* _Supplied data_
* * *

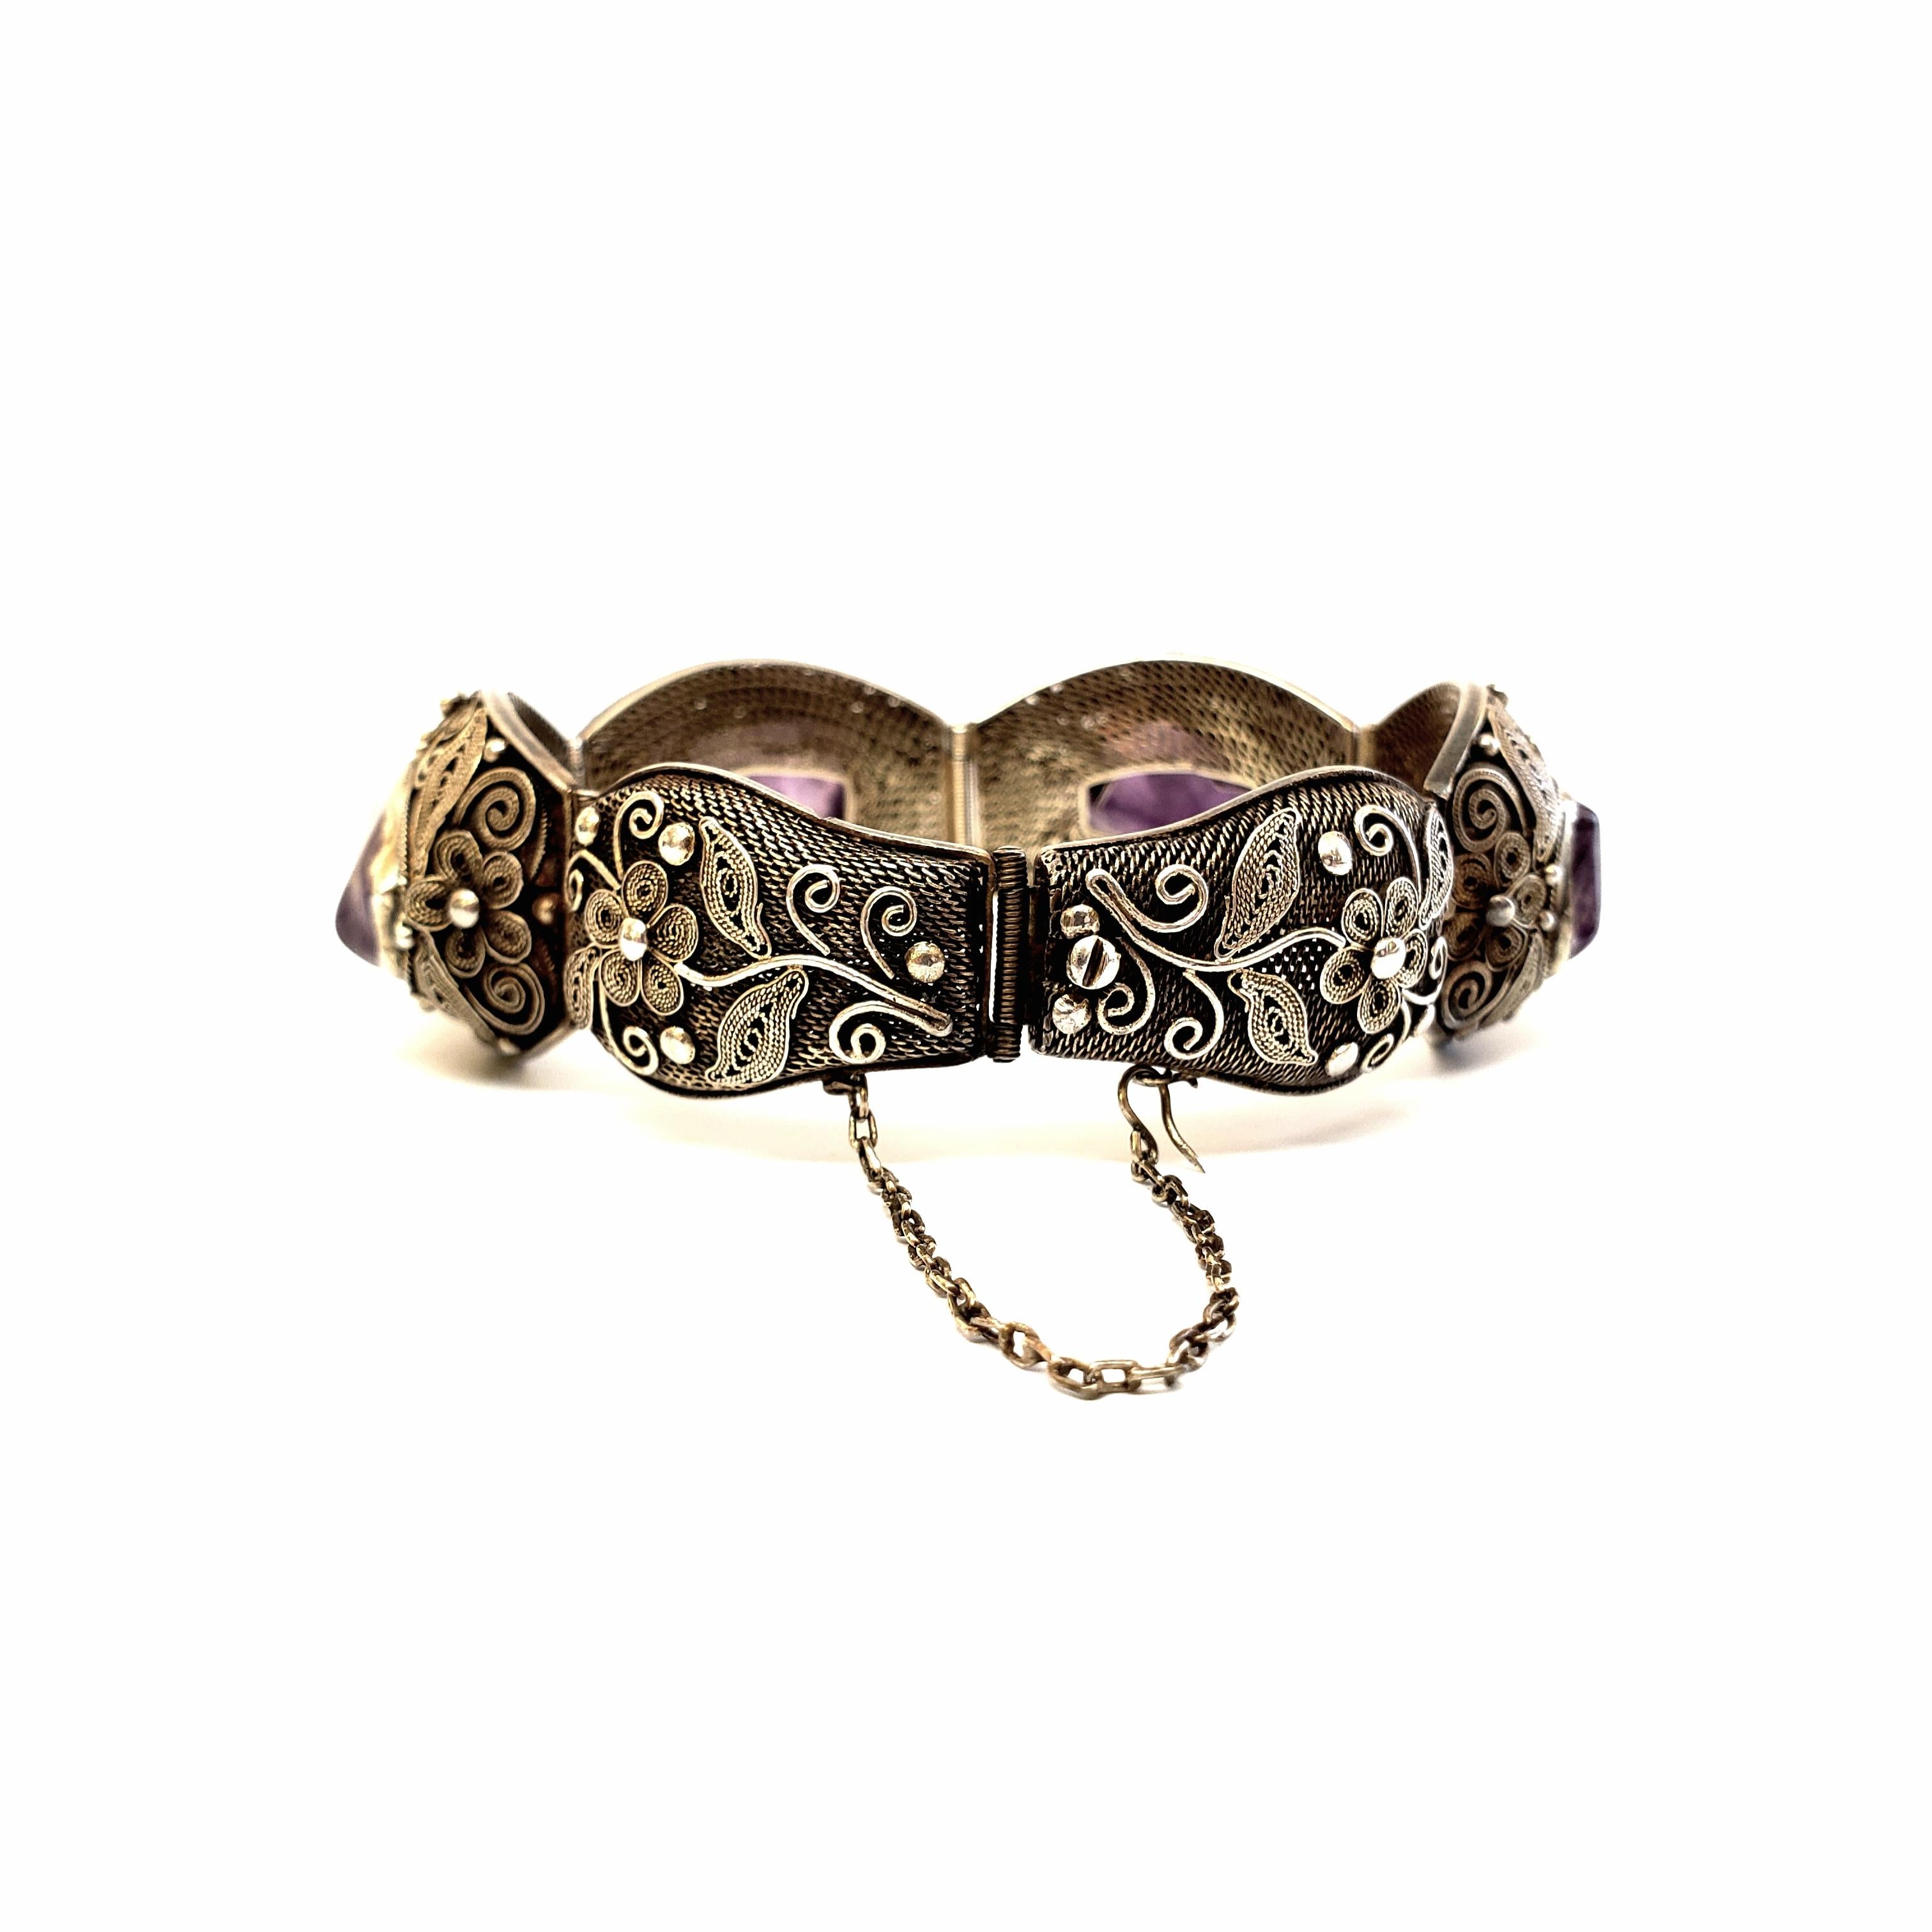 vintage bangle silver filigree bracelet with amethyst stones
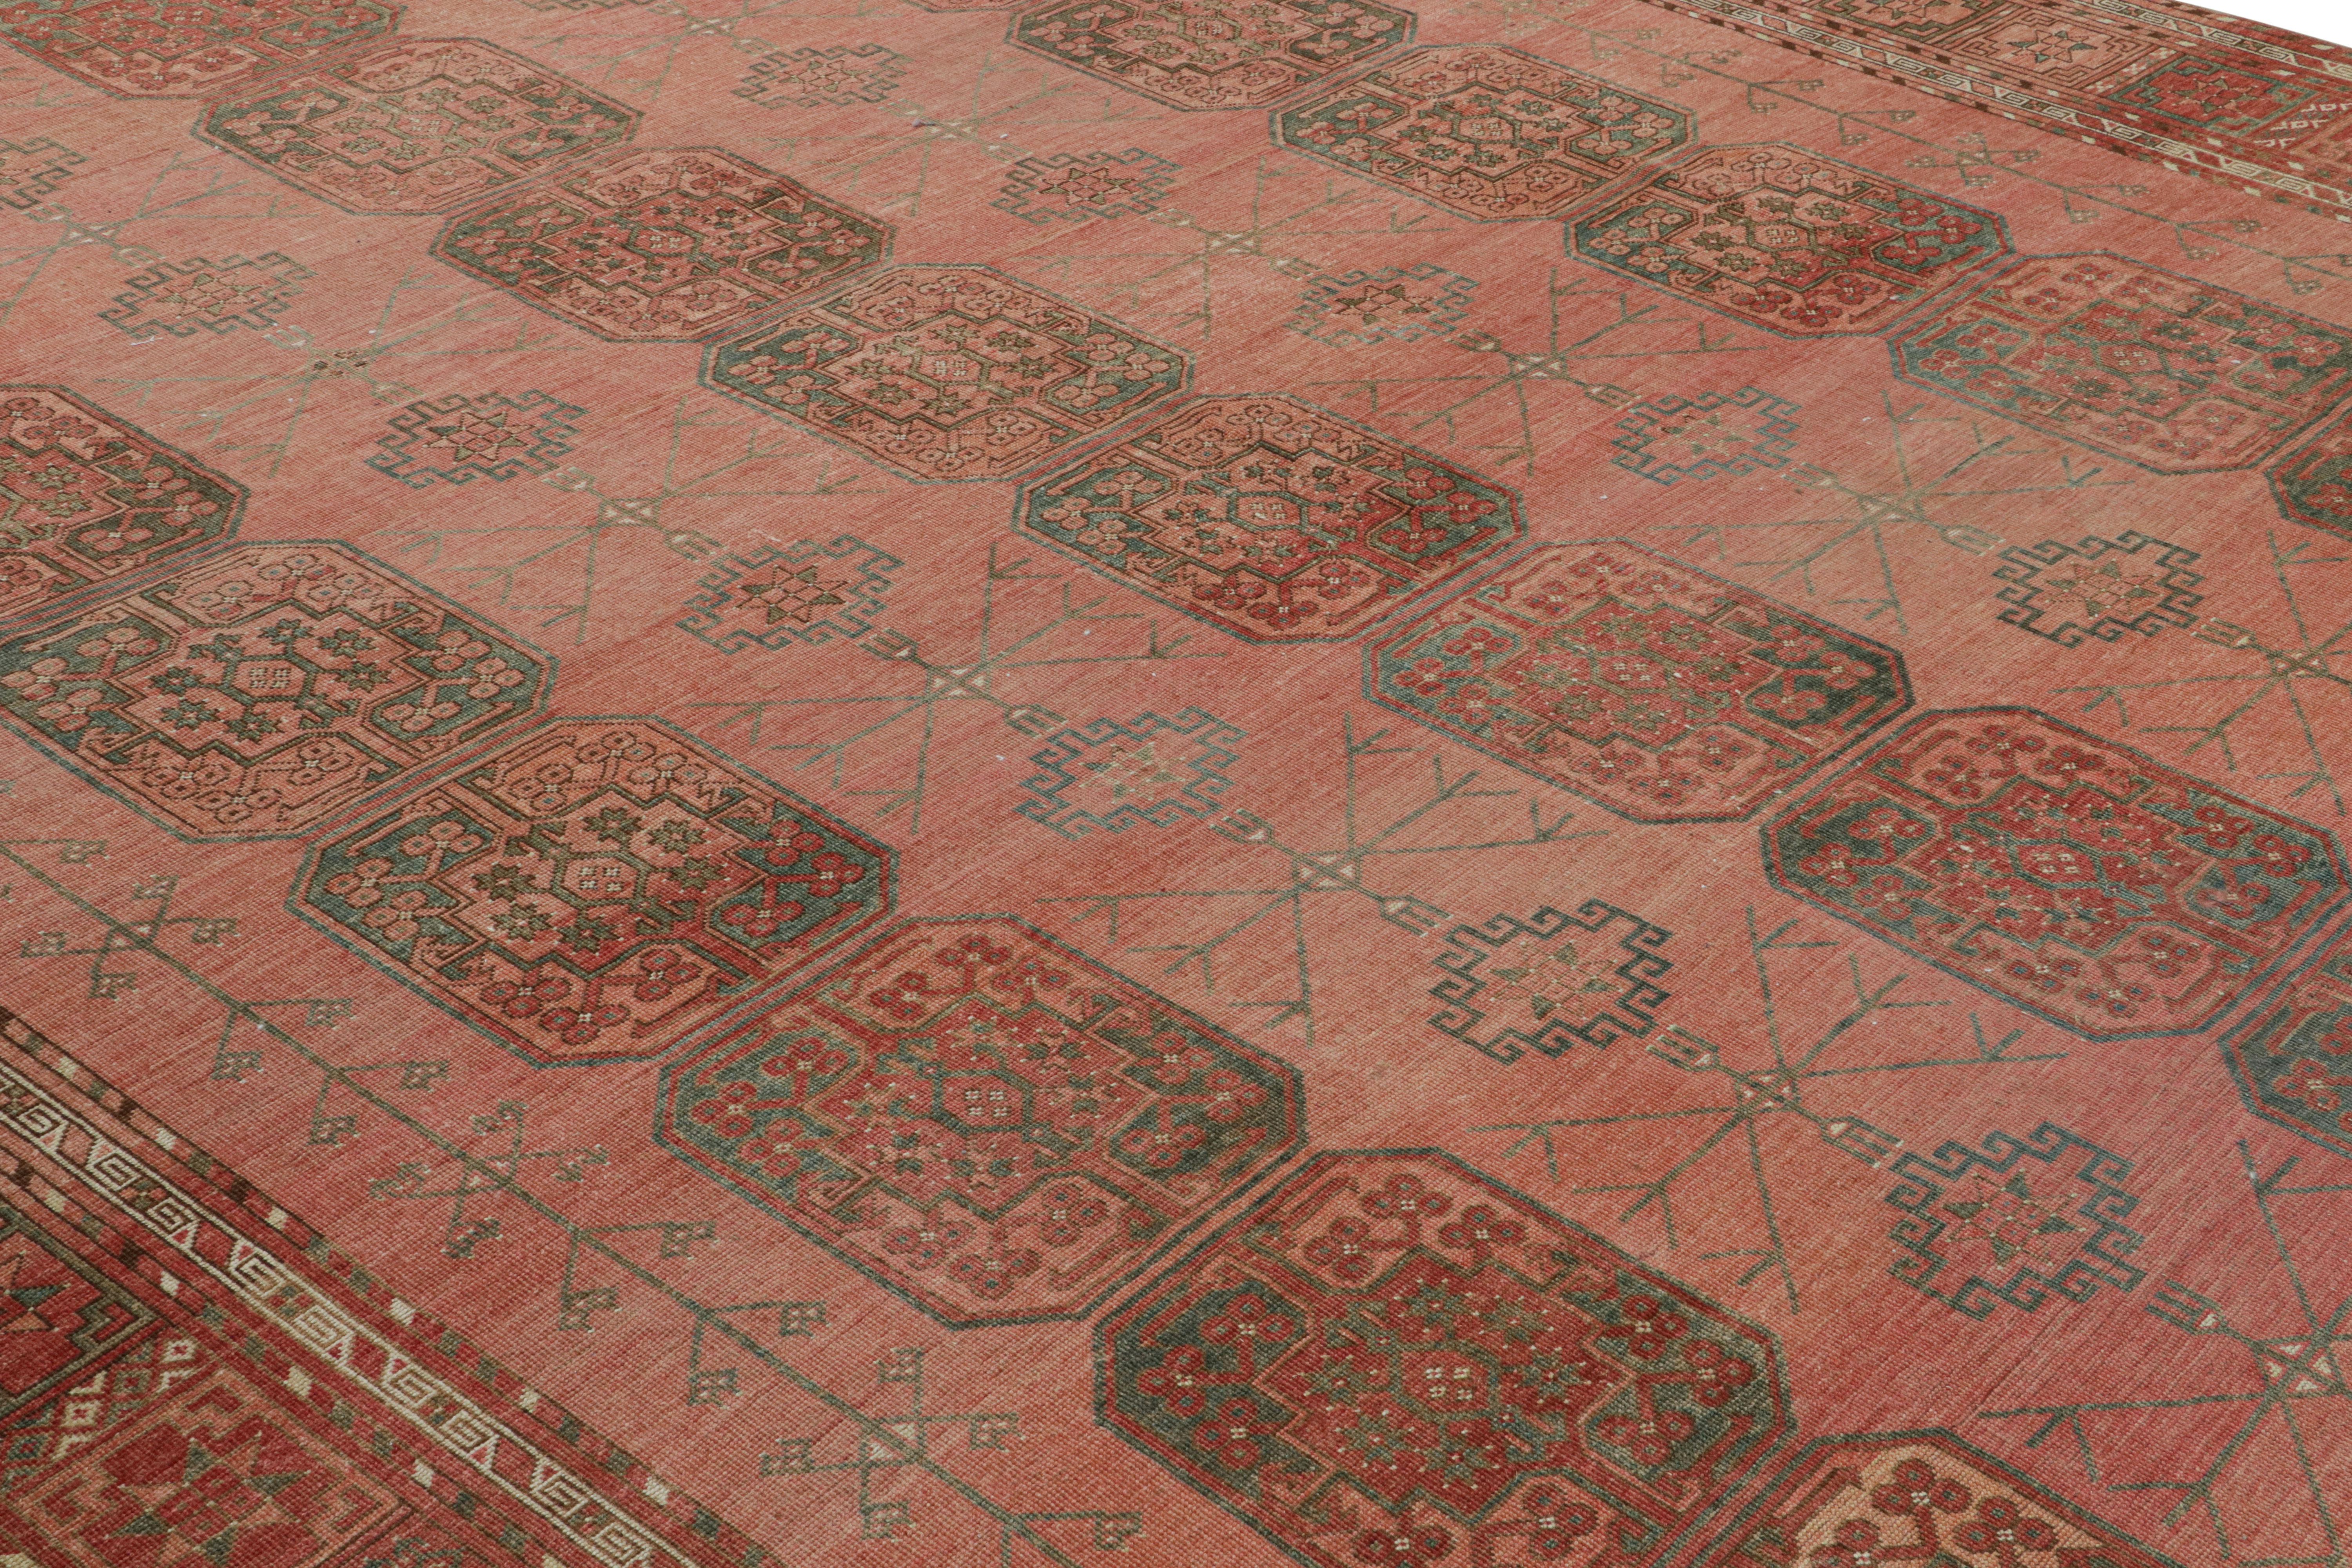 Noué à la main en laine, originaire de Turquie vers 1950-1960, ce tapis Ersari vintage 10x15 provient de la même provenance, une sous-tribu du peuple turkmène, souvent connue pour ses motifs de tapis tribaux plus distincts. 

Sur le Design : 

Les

* * *

* _Task instructions_
Print exactly, and only, the lines from the one with "Noué à la main" through the last line of the listing above. No pictures belong in the copy.

* _Your response_
 Noué à la main en laine, originaire de Turquie vers 1950-1960, ce tapis Ersari vintage 10x15 provient de la même provenance, une sous-tribu du peuple turkmène, souvent connue pour ses motifs de tapis tribaux plus distincts. 

Sur le Design : 

Les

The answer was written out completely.